Ciro Nogueira. Foto: Lia de Paula/Divulgação

O nome do parlamentar foi ligado ao do doleiro Alberto Youssef e ao do ex-diretor de Abastecimento da Petrobrás Paulo Roberto Costa, ambos delatores do esquema de corrupção e propina na Petrobrás.

“Assumo mais uma vez este compromisso porque tenho consciência plena de meus atos e sei que as acusações não tem nenhuma base na realidade”, disse o senador no Twitter, há três dias. “Desde o início, agora e até o final desta circunstância política, mantive, mantenho e manterei uma única posição: jamais tive qualquer relação imprópria com qualquer dos acusados da operação Lava Jato.”

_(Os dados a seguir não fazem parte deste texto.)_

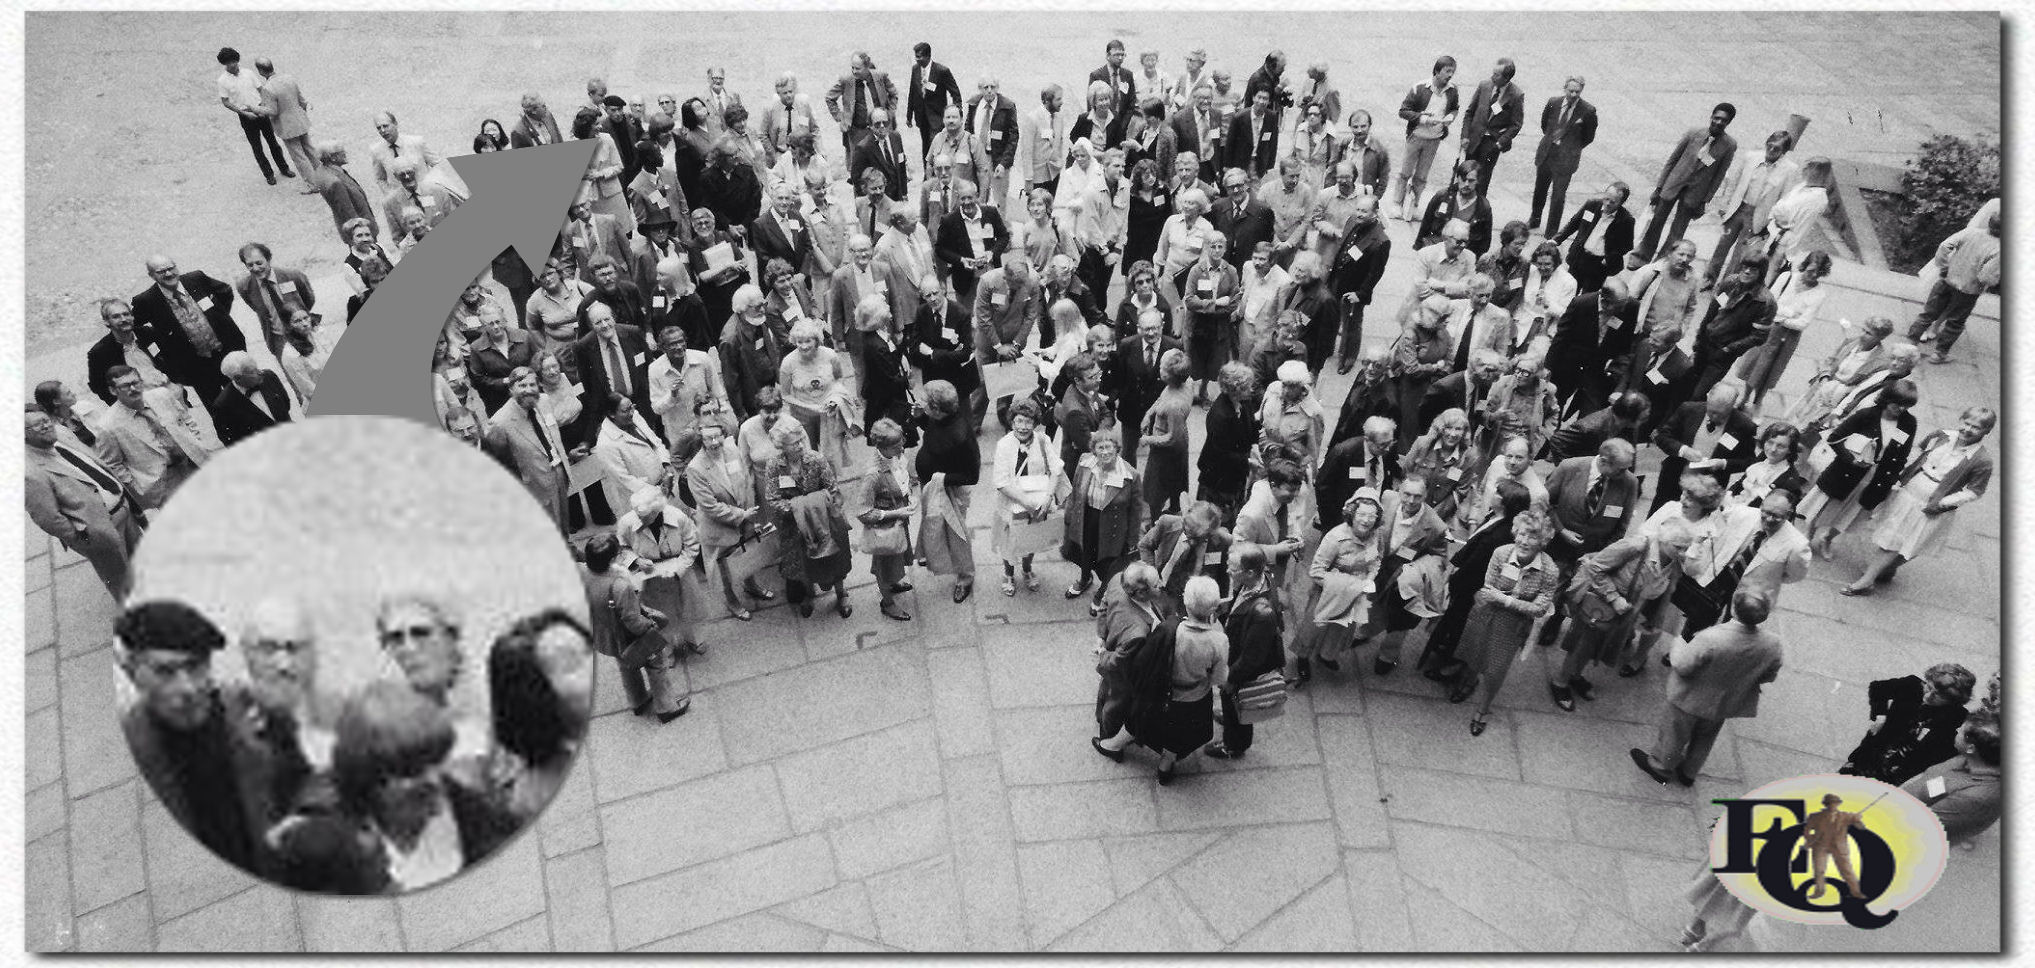 On June 15. 1981 Fred and Rose attended the third Crime Writers' International Congress which was held in Stockholm. Many detective writers attended. In the picture below of the attending writers they are just visible in the back (click on the picture for a bigger view).

Nogueira é presidente nacional do PP, partido que mais tem alvos dos inquéritos autorizados pelo Supremo Tribunal Federal (STF), nesta sexta-feira, 6. O partido, junto com o PT e o PMDB, são acusados de lotear diretorias da Petrobrás para arrecadar entre 1% e 3% de propina em grandes contratos, mediante fraudes em licitações e conluio de agentes públicos com empreiteiras organizadas em cartel.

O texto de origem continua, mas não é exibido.